I coloured it using the percentage of businesses in an area with 0-2 ratings. Green was the lower percentage, changing to white and then moving to red for the higher percentage.

I then used a Google Fusion Table builder wizard to merge the two tables and create a map containing the counties coloured to represent the percentage of how many 0-2 rated businesses there are, with the businesses, coloured by rating, on top, and a select tool to filter by 0, 1 and 2 rated businesses. That is the map we see above.

I also used the experimental feature to make a Map Chart, which allows you to click and compare up to four counties on defined metrics.

The metrics are the total premises rated 0-2 in that area, the percentage of premises rated 0-2 in that area, gross spend on local environmental services per head and environment spend as a % of total expenditure. This can compare up to four different areas at a time, useful for people comparing where to go on holiday or visit.

And the reason I was so happy on social media that this was able to be shown? Well, the Google Fusion Table wizard writes HTML code that won’t embed into WordPress, but will into Drupal (which I don’t use). However, I followed a quick guide on Paul Bradshaw’s Online Journalism Blog, and made the code a separate HTML file. A bit of fiddling about later, and this is now on Dropbox (it should be my server, but oh well), and it is embedded on here as an iframe. Now, anything I need to show, I can.

And now, for submission on Friday, I need to write the story. Suffice to say, it’s also pretty good data journalism in my book. All the data is open, but I did the research.

Food Standards Data: How We Did It.

Every food business must be inspected by the Environmental Health department of each council around the country. Until recently, that data was only released routinely in the notices that were put up when a premises was closed down. Good? Just deal with it. You’re not getting the data released.

Now, it’s available at the Food Standards Agency ratings website – a bit clunky, and hard to get through, but available alright.

So, the possibility to investigate how many under-performing places there are in your area is there. That’s what we did at the Daily Post.

Alex Hickey wanted to see who was good and who was bad. So, we needed the data. To get that, we had to try and scrape the Food Standards Agency Website. It wasn’t possible when we did this, but after a bit of working, it is possible now.

All you need to do is use scraperwiki. Code, easily edited, on that website will allow you to automatically scrape the food standards website.

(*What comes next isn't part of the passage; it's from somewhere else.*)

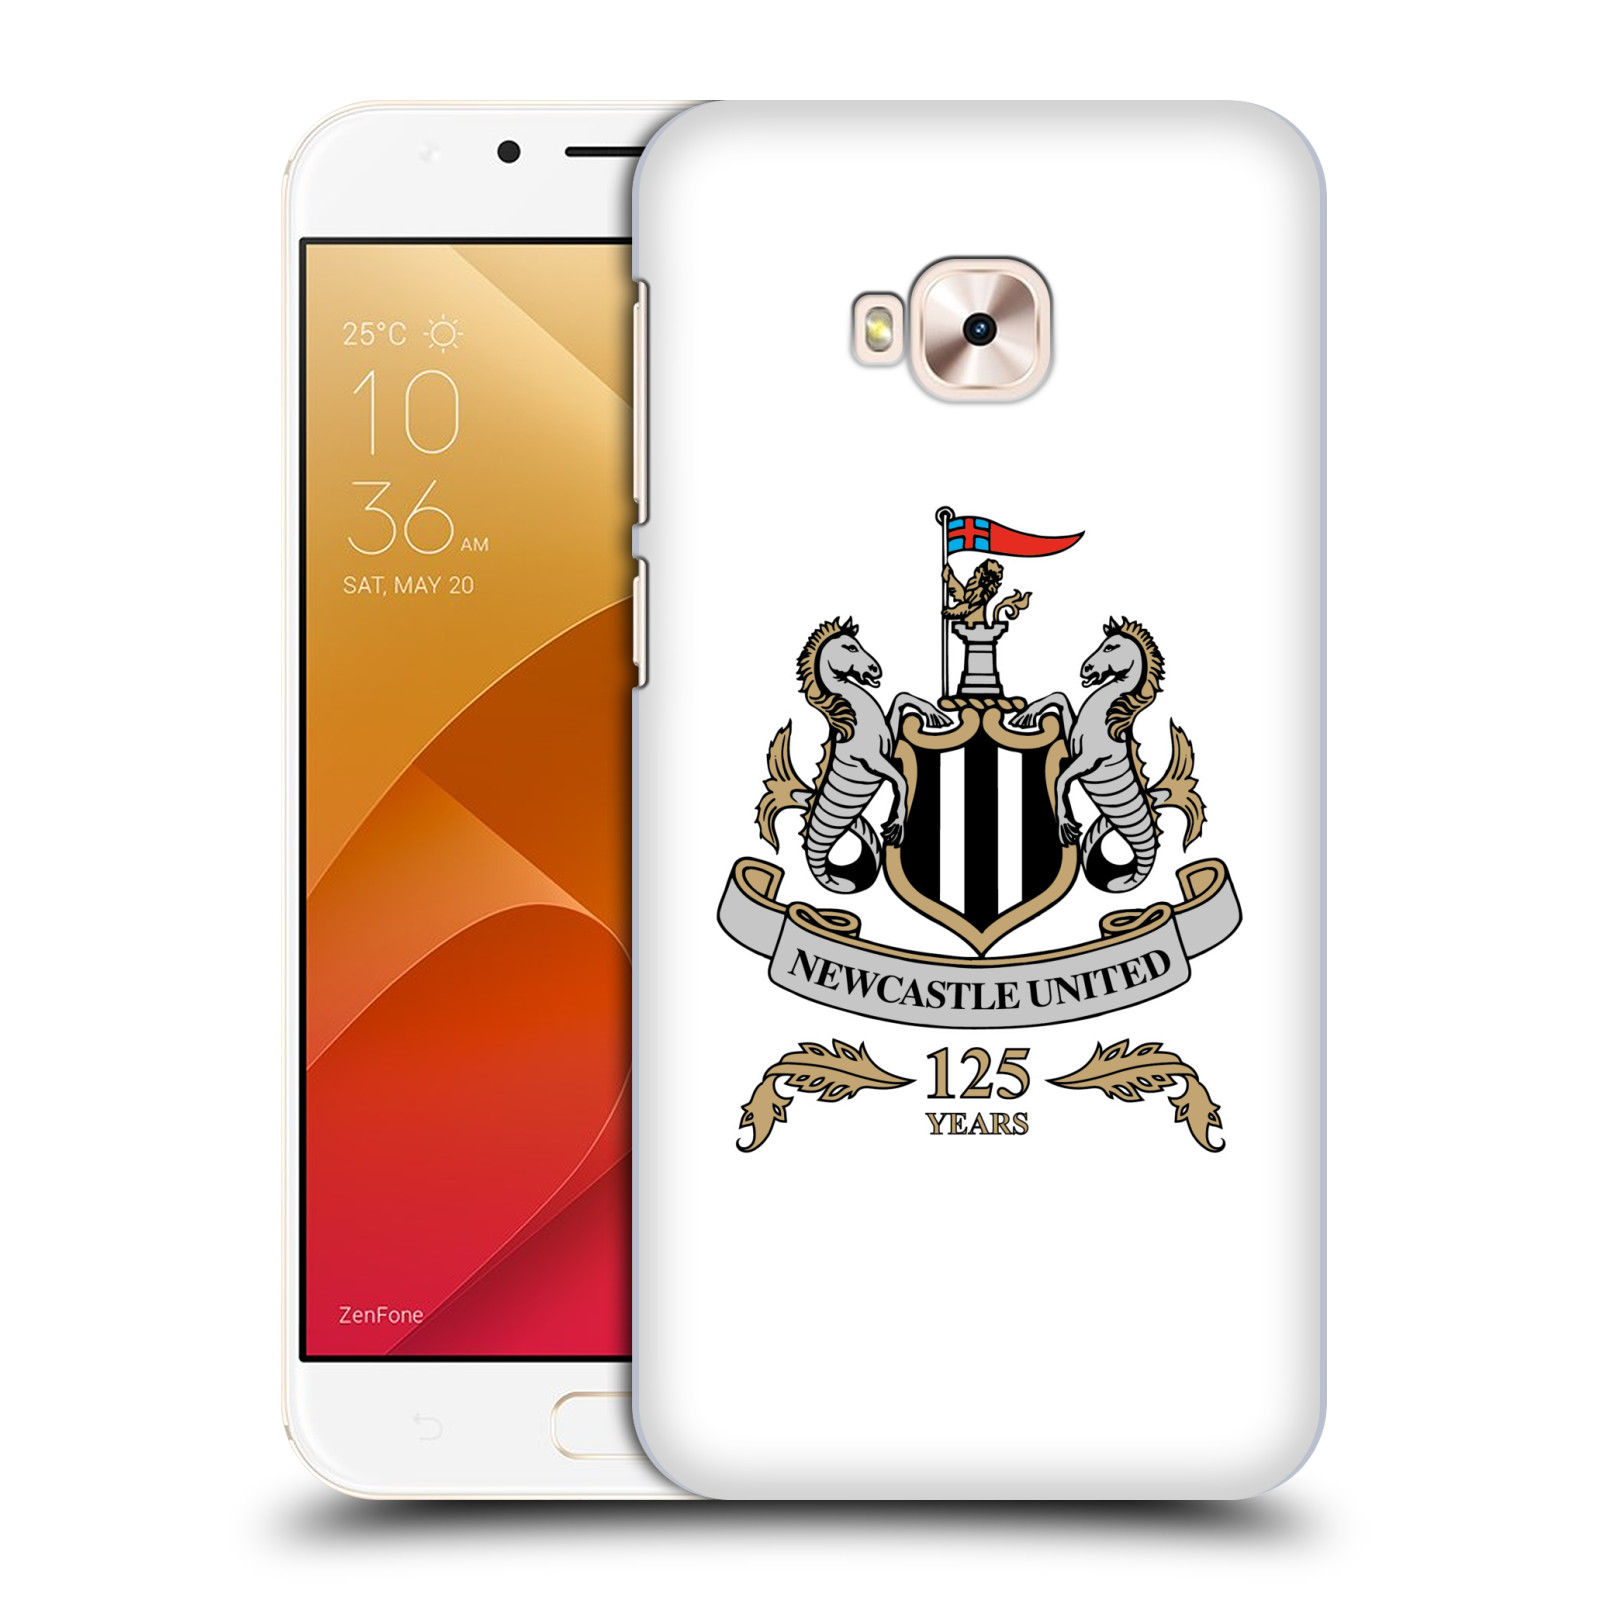 HEAD CASE plastový obal na mobil Asus Zenfone 4 Selfie Pro ZD552KL Fotbalový klub Newcastle United FC průhledný vzor velký znak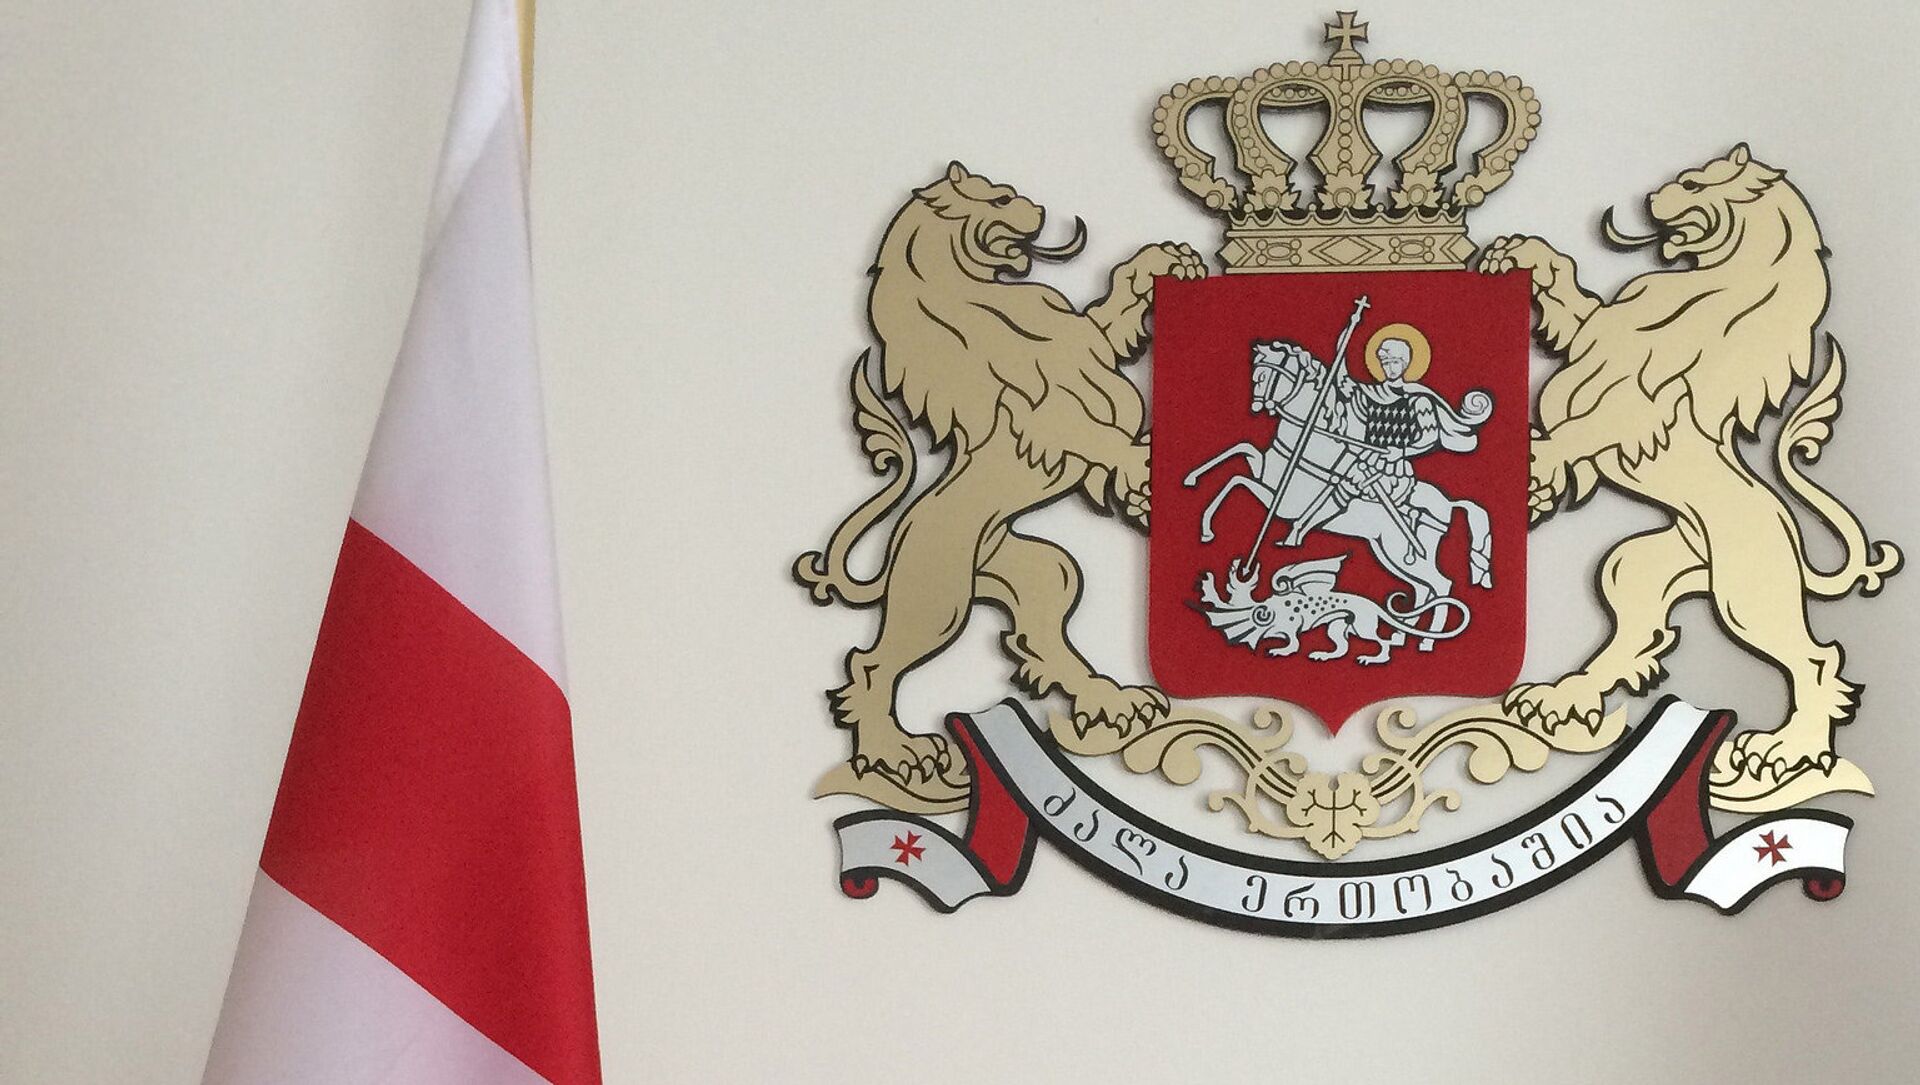 Грузия флаг и герб

I’ll admit, i’m no coder. I can use basic HTML, and if I have a guide I could probably use a bit more advanced stuff, but Ruby? No.

However, I am logical, and scraping code is logical. This code, however, really doesn’t need that. You just need to replace the URL with the relevant one you wan’t.

The URL needed to be changed is on line 74

So, change it on line 74, then run. Then, you have the data.

Now, how do we visualise it? Well, you’ll need the Latitude and Longitude. So, the best way to that is to use the UK Postcodes API.

However, you need all the postcodes. The addresses in the table aren’t all completed, for a variety of reasons. One is just not available – however, it will be if you search. So, find the postcodes by Google searches for the empty ones which aren’t private. The private ones are just that – private.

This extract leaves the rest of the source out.